Course Module 4. Working with databases - Lecture: Problems of concurrent transactions

1.1 Introduction

And now the fun begins - the theory of how transactions work. How to keep the system working when you change the same data in different threads? Or do you want to execute one transaction in another? We will begin to look for answers to these questions by studying the isolation of transactions ...

The transaction isolation level is a conditional value that determines the extent to which, as a result of the execution of logically parallel transactions in the DBMS, inconsistent data is allowed. The scale of transaction isolation levels contains a number of values, ranked from lowest to highest; a higher isolation level corresponds to better data consistency, but its use may reduce the number of physically parallel transactions.

Conversely, a lower isolation level allows for more parallel transactions, but reduces data accuracy. Thus, choosing the level of transaction isolation used, the developer of the information system, to a certain extent, provides a choice between the speed of work and ensuring the guaranteed consistency of the data received from the system.

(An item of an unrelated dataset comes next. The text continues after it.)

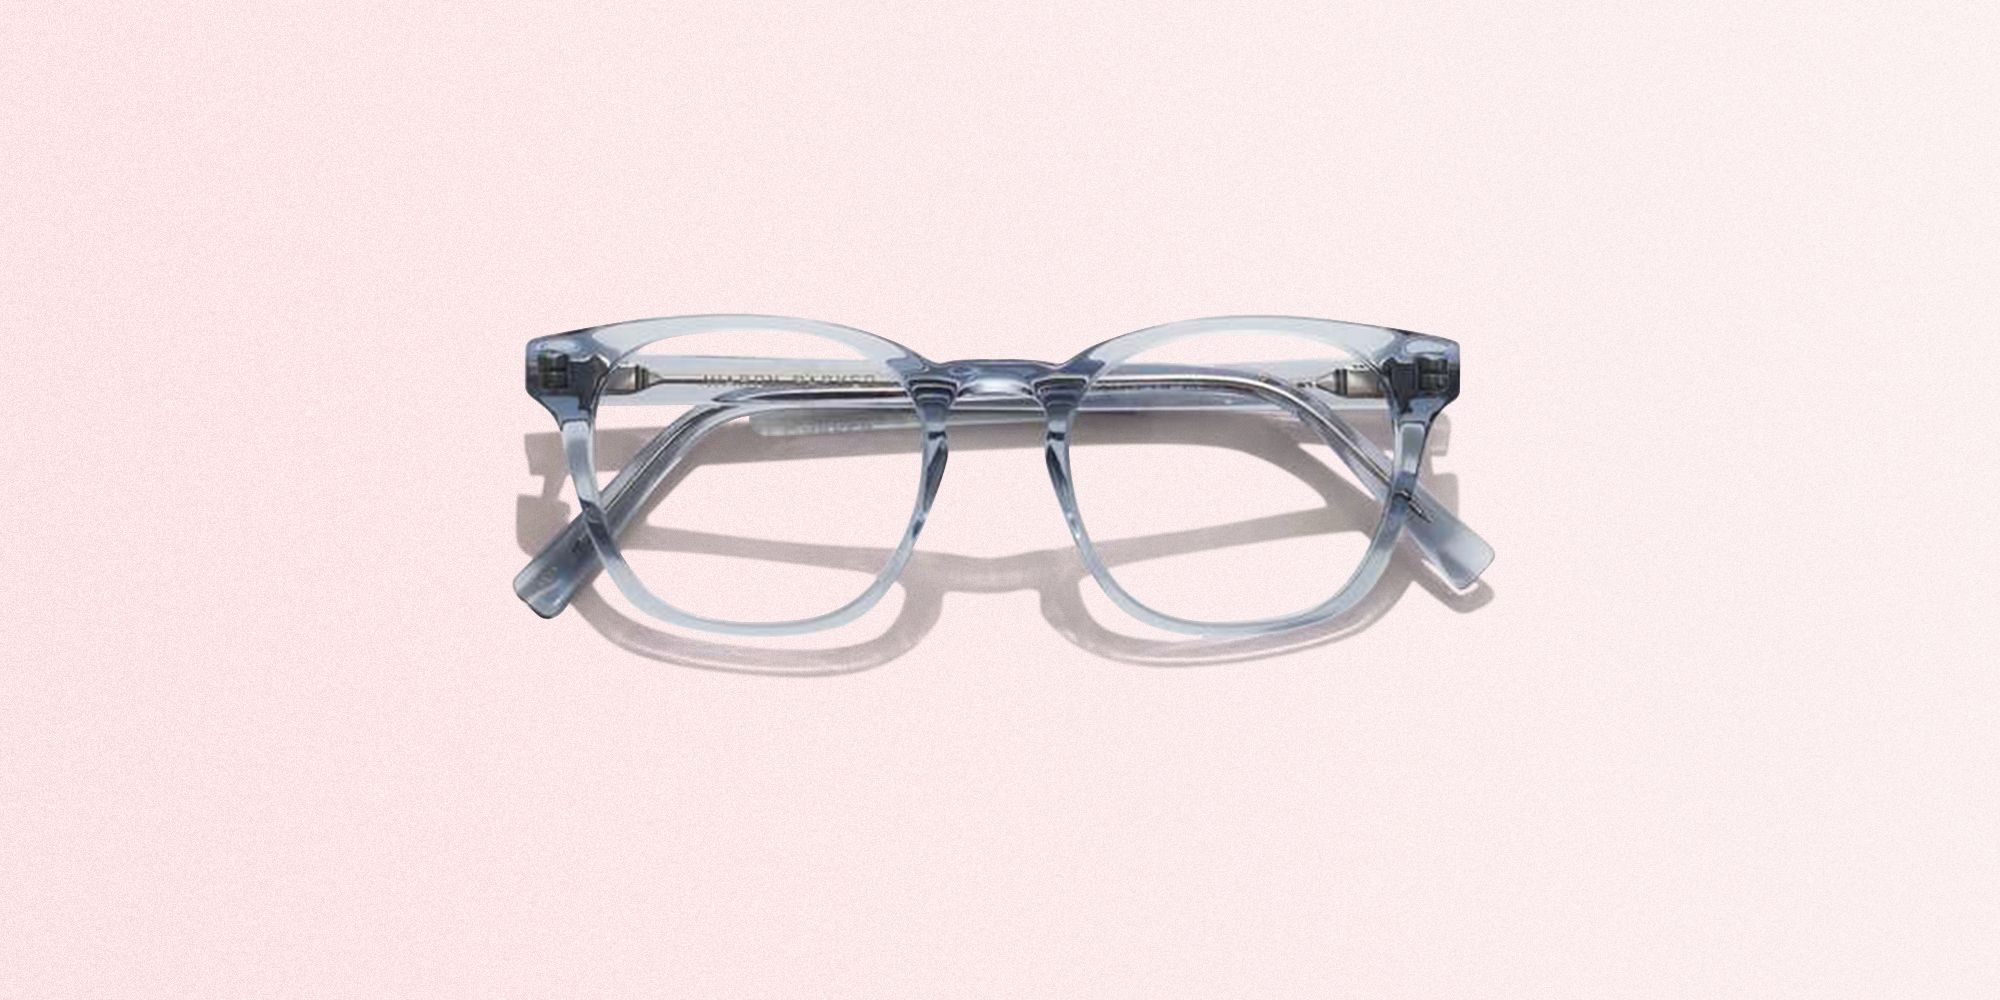 18 Best Websites To Buy Eyeglasses 2021 Where To Shop Men S Glasses Online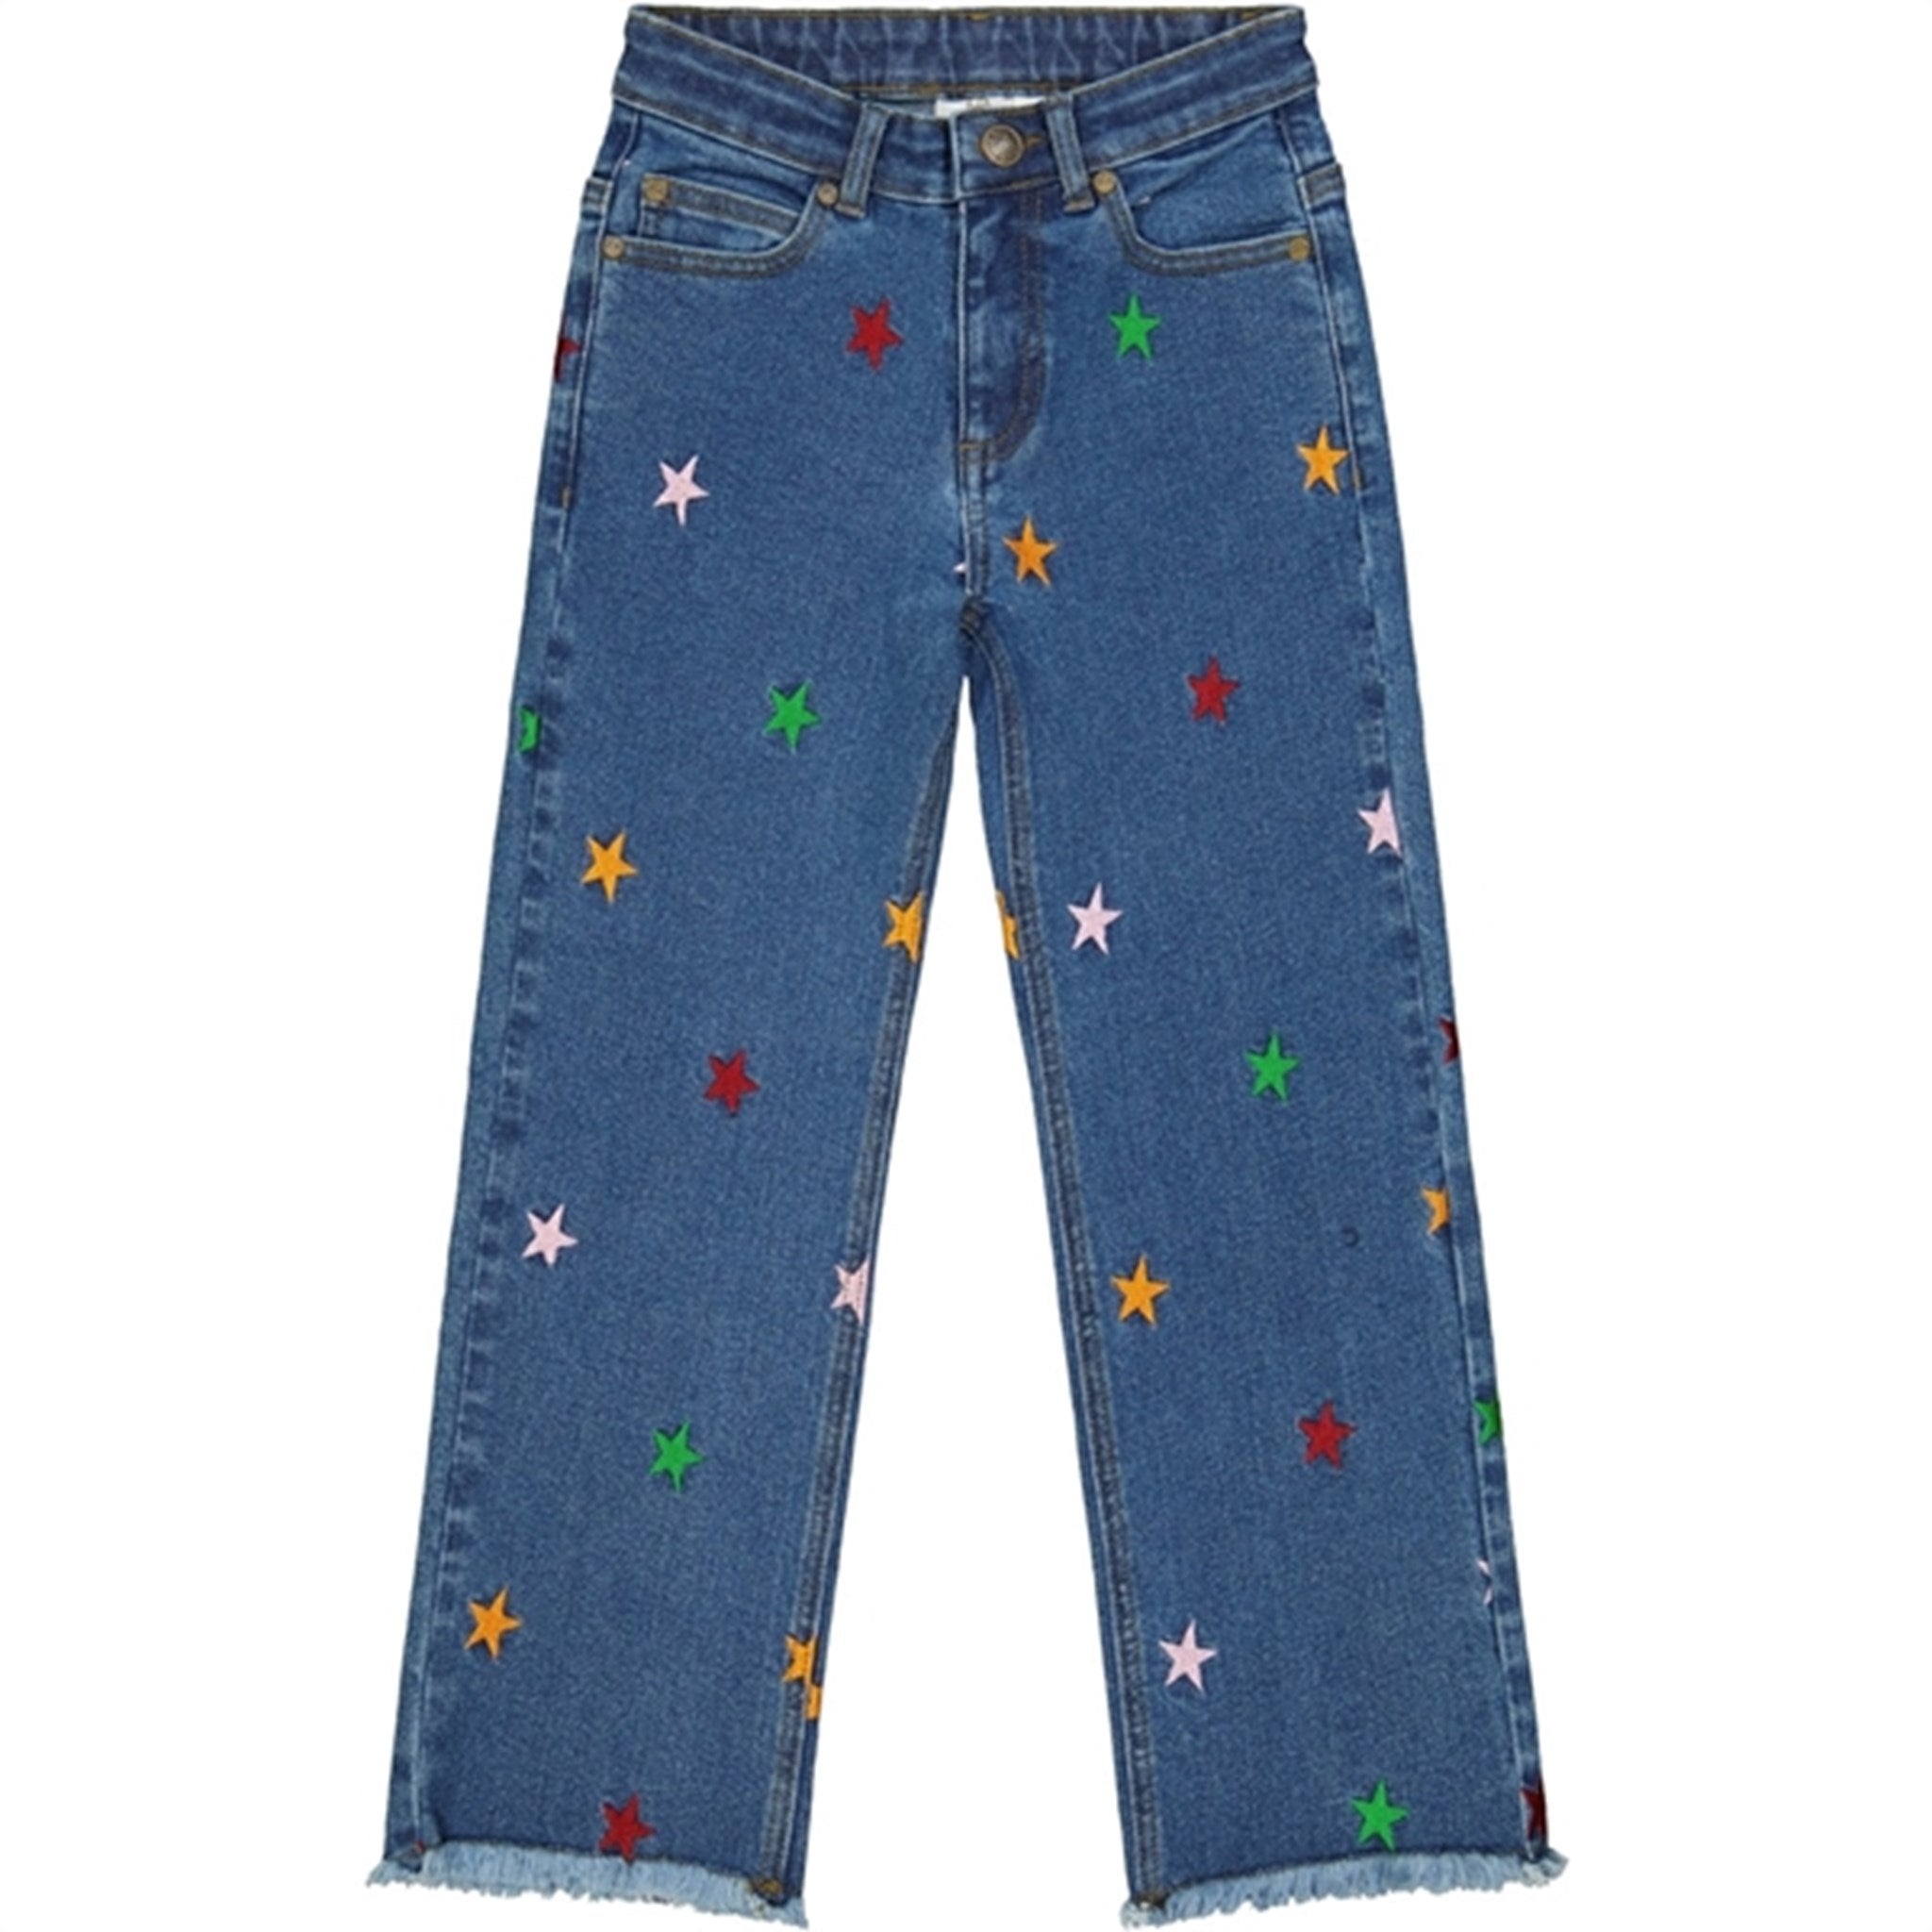 The New Medium Blue Dania Star Wide Jeans

Problems of concurrent access using transactions

When transactions are executed in parallel, the following problems are possible:

lost update - if one data block is changed simultaneously by different transactions, all changes are lost, except for the last one;
"dirty" reading (eng. Dirty read) - reading data added or changed by a transaction, which subsequently will not be confirmed (rolled back);
non-repeatable read (eng. non-repeatable read) - when re-reading within the same transaction, previously read data is changed;
phantom reads - one transaction during its execution several times selects many rows according to the same criteria. Another transaction in between these fetches adds rows or modifies columns of some of the rows used in the first transaction's fetch criteria and ends successfully. As a result, it will turn out that the same selections in the first transaction give different sets of rows.

Consider situations in which these problems may occur.

1.2 Lost update

The situation when, when one data block is changed simultaneously by different transactions, one of the changes is lost.

Suppose there are two transactions running at the same time:

Transaction 1	Transaction 2
UPDATE tbl1 SET f2=f2+20 WHERE f1=1;	UPDATE tbl1 SET f2=f2+25 WHERE f1=1;

In both transactions, the value of the f2 field changes; upon completion, the value of the field must be increased by 45. In fact, the following sequence of actions may occur:

Both transactions simultaneously read the current state of the field. Exact physical concurrency is not required here, it is enough that the second read operation in order is completed before another transaction writes its result.
Both transactions calculate the new field value by adding 20 and 25, respectively, to the previously read value.
Transactions try to write the result of the calculation back to field f2. Since it is physically impossible to perform two writes at the same time, in reality one of the write operations will be performed earlier, the other later. The second write operation will overwrite the result of the first one.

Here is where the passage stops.